Thursday, January 10, 2008

An open letter to the vermin in my garage

Dear rats and mice living in my garage,

Hey! How are you all doing? I feel like we don't get to talk much anymore, partly because you are always scurrying around behind shelves and boxes and partly because my wife doesn't really like you that much, but I just wanted to drop you a line and say hello and give you the heads up about the poison and traps I am going to be putting out today. I really like you guys and I want you to know that it's not you, it's my wife, she just thinks that you are dirty and disease ridden and wants you out and I have to comply so I hope you all leave on your own so you don't end up like your friend. I'm really sorry that he had to go like that

he seemed like a really nice guy and was probably pretty old, seeing how he was sixteen inches long and pretty heavy too but I guess thats what eating an entire box of poison will do to you. I picked him up by the tail to put him in a plastic bag and then in the garbage, and I couldn't help but notice the soft, furry, worm-like texture (I actually got a little gaggy just typing that). I promise I'll call, or at least send you our Christmas card. Take care!


A postscript for the reader:
Currently Lauren and I are living in the house of Mr. and Mrs. Claude Snow, who are serving a one year mission for the Church of Jesus Christ of Latter-day Saints in Washington State. Their garage is bursting with boxes, old TVs, food storage and obviously, rats. The state of uncleanliness and disarray in the garage does not represent the views of the author or his wife.


Paco Belle said...

What about the R.O.U.S.'s? Rodents of Unusual Size? I don't believe they exist...holy crap! You gotta be kidding me with that spawn of Satan! Yikes...Imagine running across that in the middle of the night.

The Heriford's said...

Guys--- that is freaking gross!!! Way to capture the moment though. PS we also have a blog!!!!

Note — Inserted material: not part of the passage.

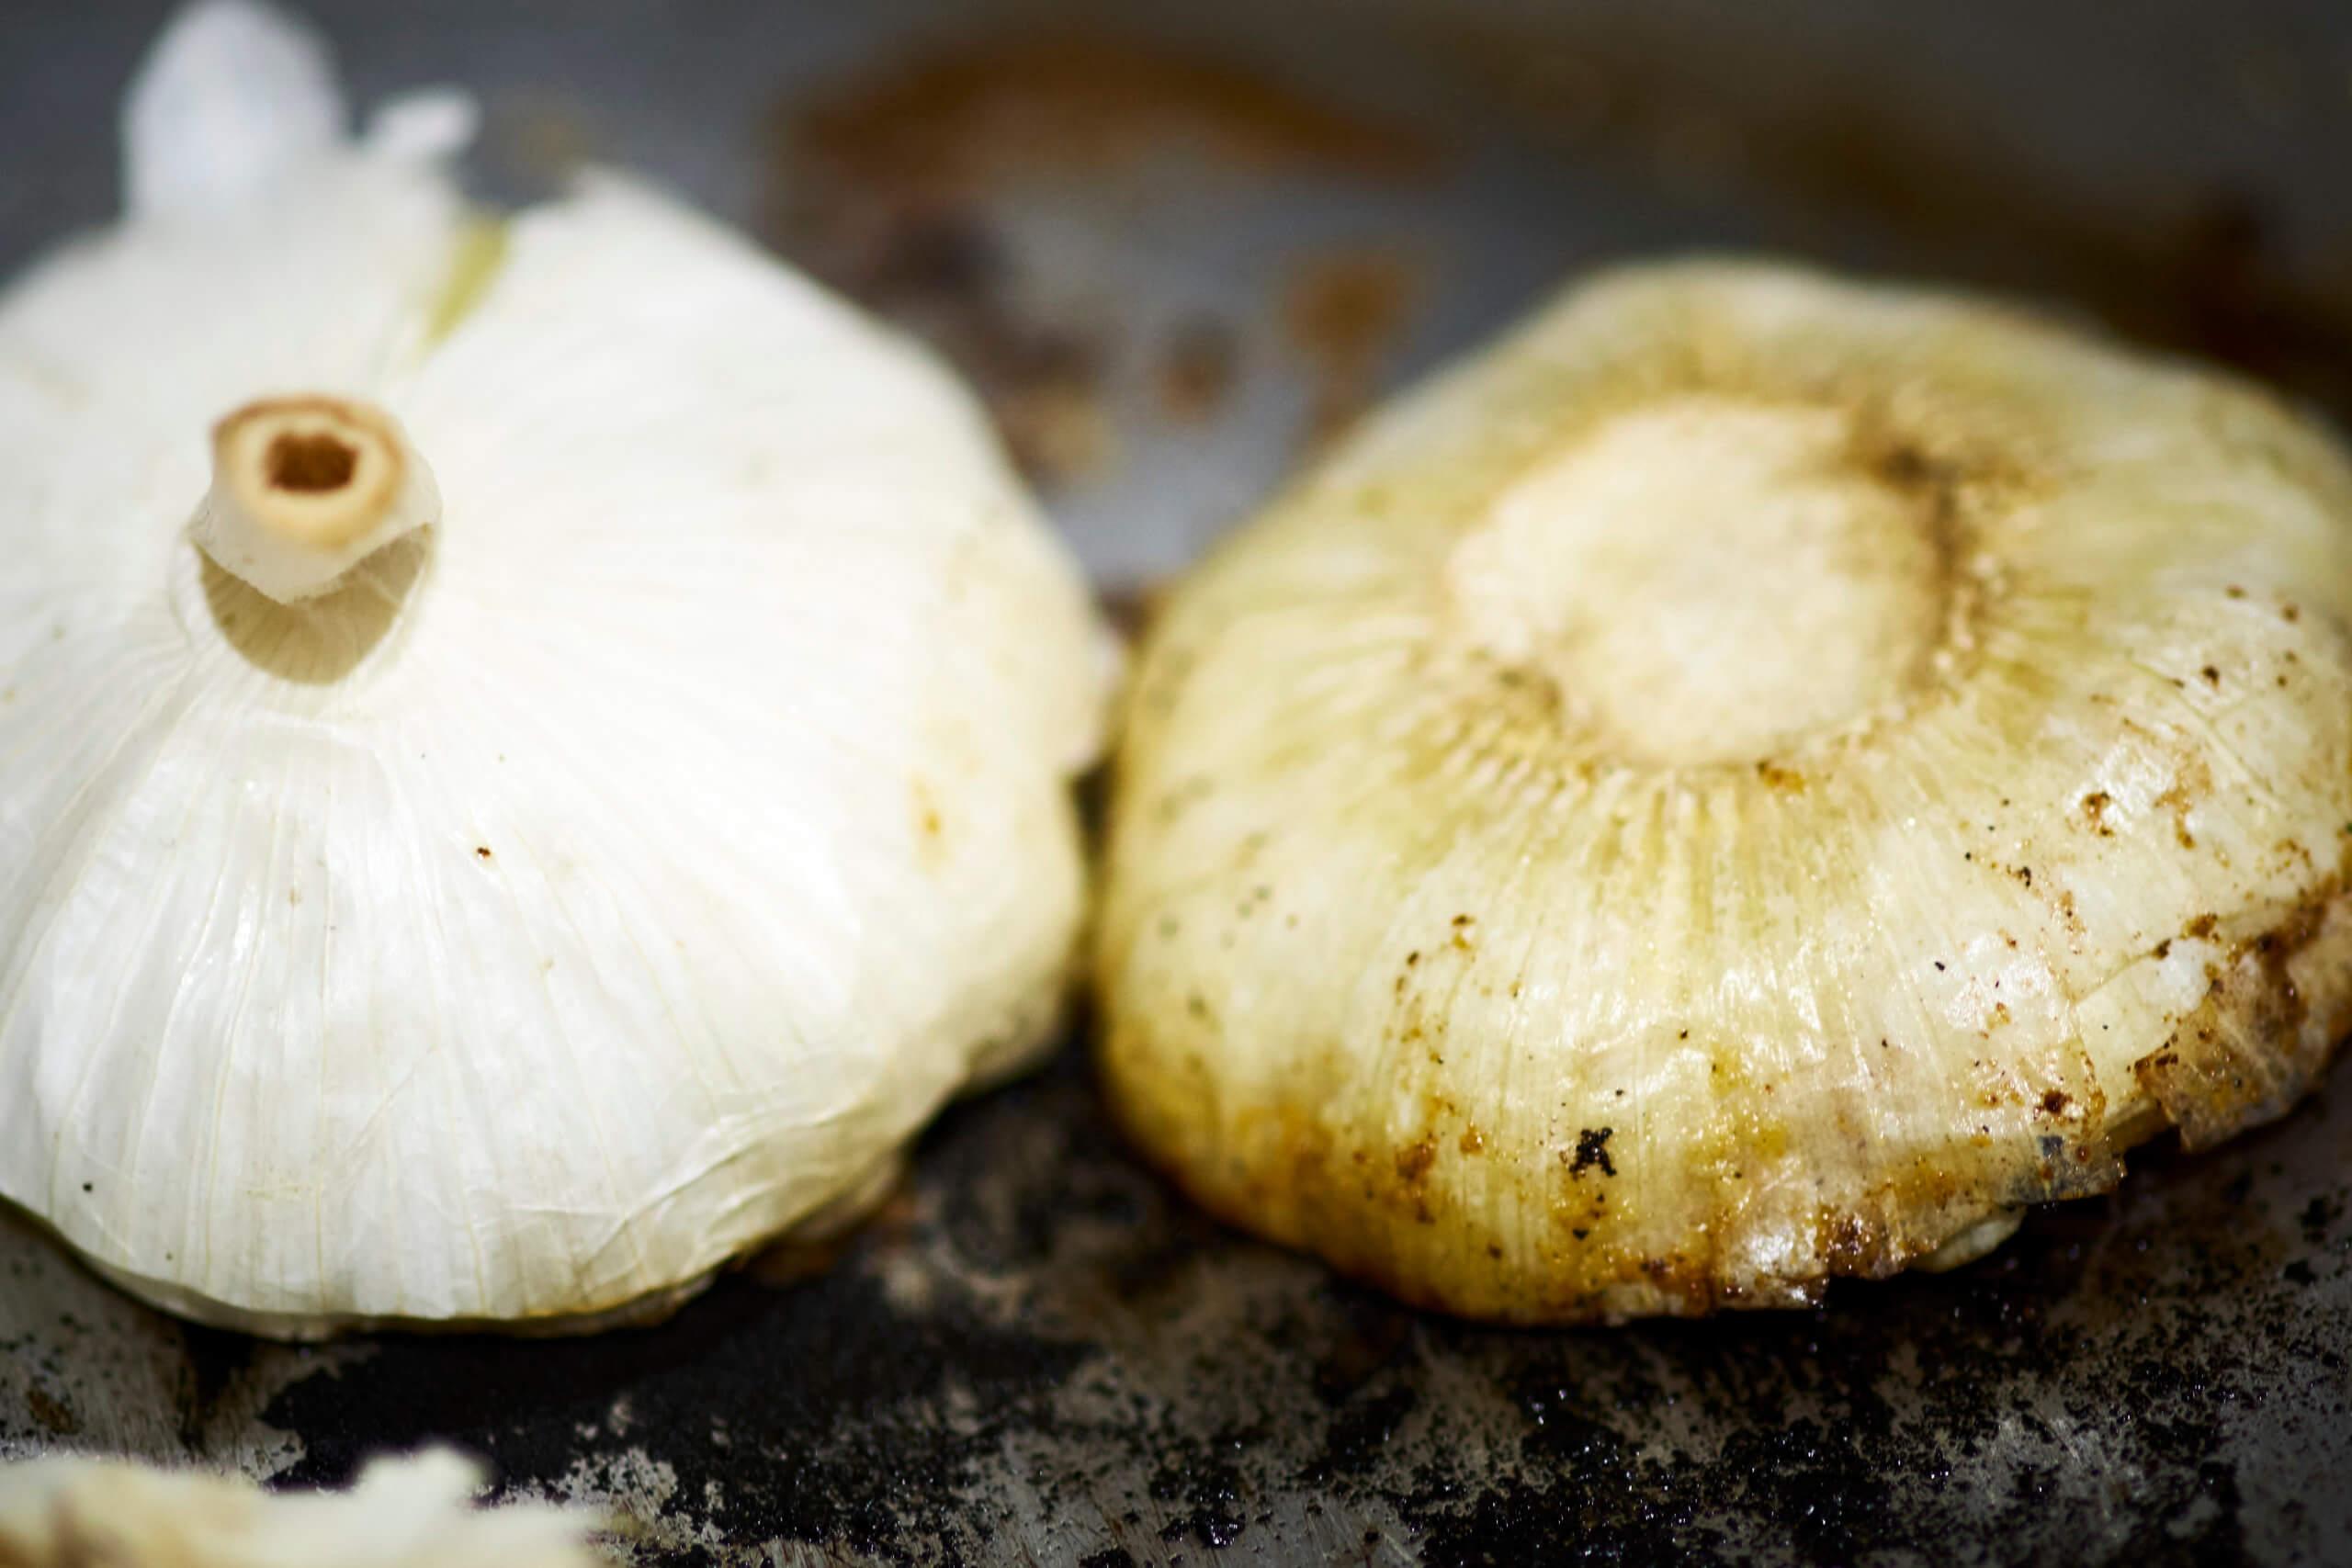 Mullixhiu Produce Garlic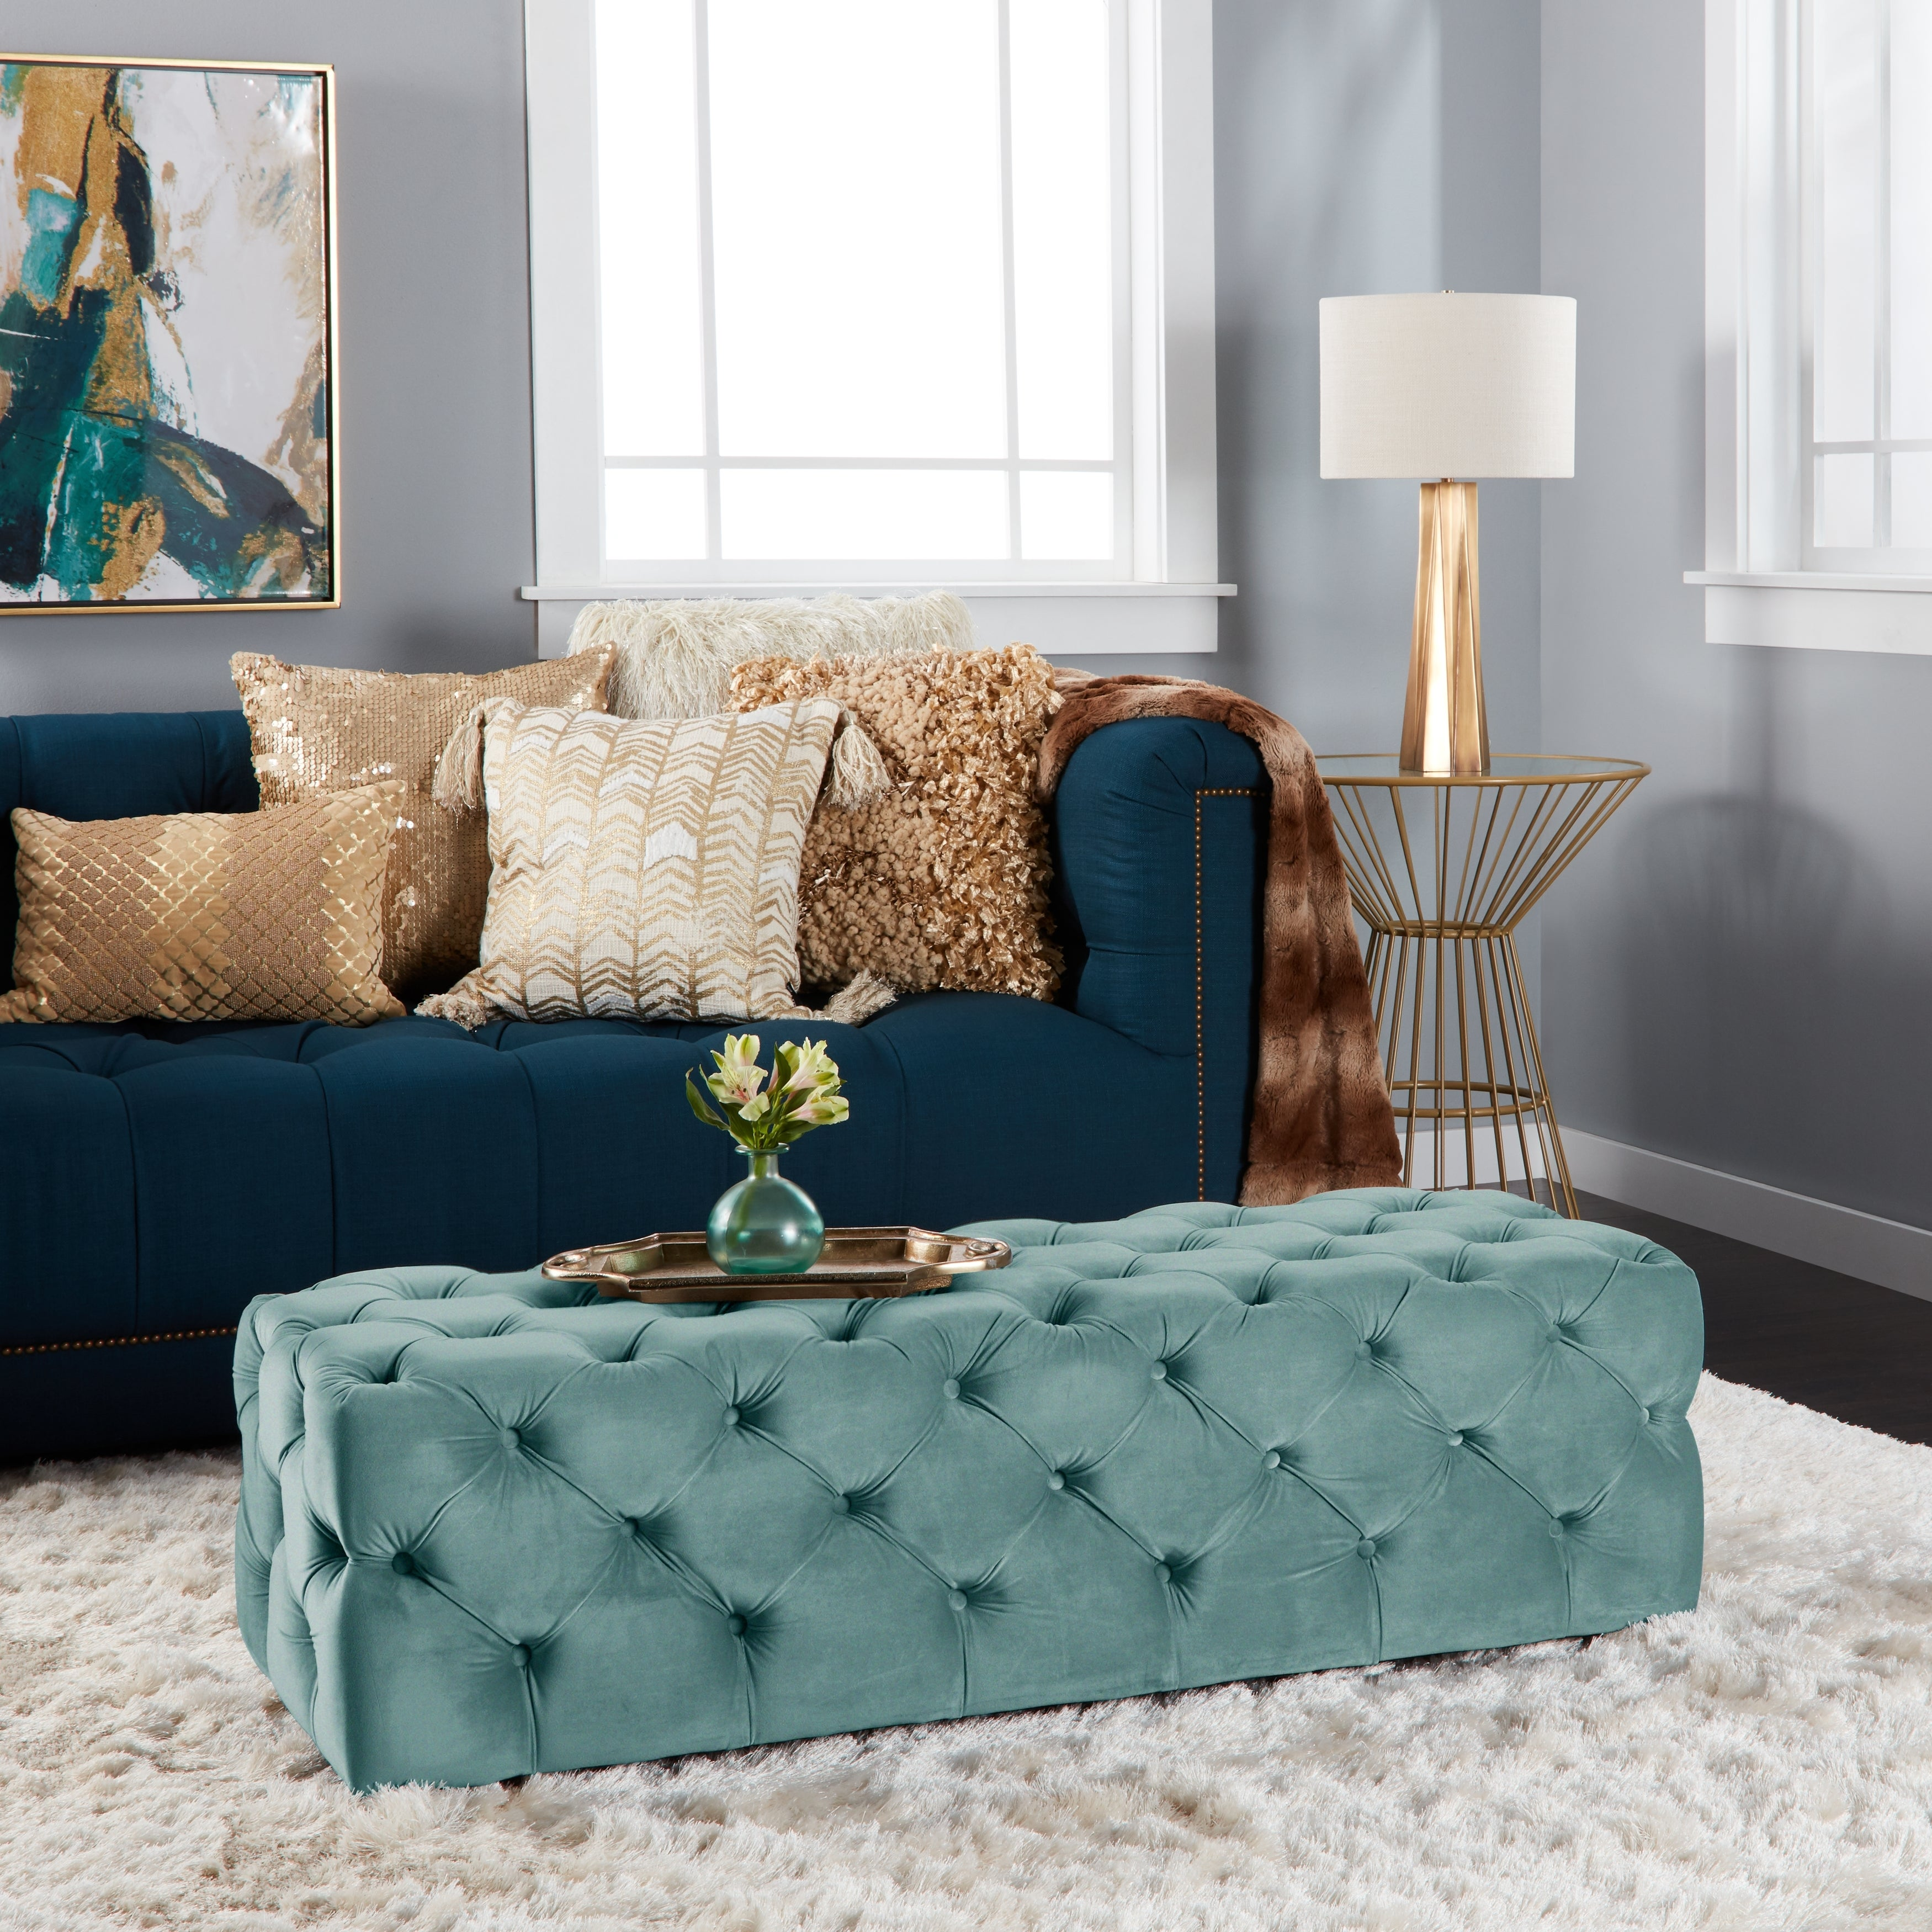 Phenomenal Piper Tufted Velvet Fabric Rectangle Ottoman Bench By Christopher Knight Home Inzonedesignstudio Interior Chair Design Inzonedesignstudiocom

Okay so literally, I could have gone the rest of my life without seeing that picture and been okay with it. Maybe you don't know what my #1 fear in life is... Ask Jenner it starts with an M and ends I hate them good job Laur on making him get rid of those creepy crawly disease infested creatures.

Jami said...

I actually got a little gaggy just reading about that! Yucky! I can't beleive how huge that rat is - I hope he was the 'leader' and all of the others (because now you know there are others - so & so's laws of the universe - "you see one it has 5 frineds")are much smaller. Good luck! Maybe you can open a Bountiful Disneyland - you seem to have the mouse(rat) criteria taken care of. ..

Ash said...

Oh Lauren, quit being such a priss. Now the rats are going to go drain our welfare system further and make it more expensive for ALL of us. Why couldn't you just be a good sport and let them shack up in your garage? Gosh.

kelly said...

Anyone can capture the pleasantries of life through film, But pleasantries fade and run together into a boring four hour tour involving one heavy set fellow taking snap shots of the same "blue skies" and "purple mountains". Genius can always be found in the repulsive. Cheers to you scum of the earth!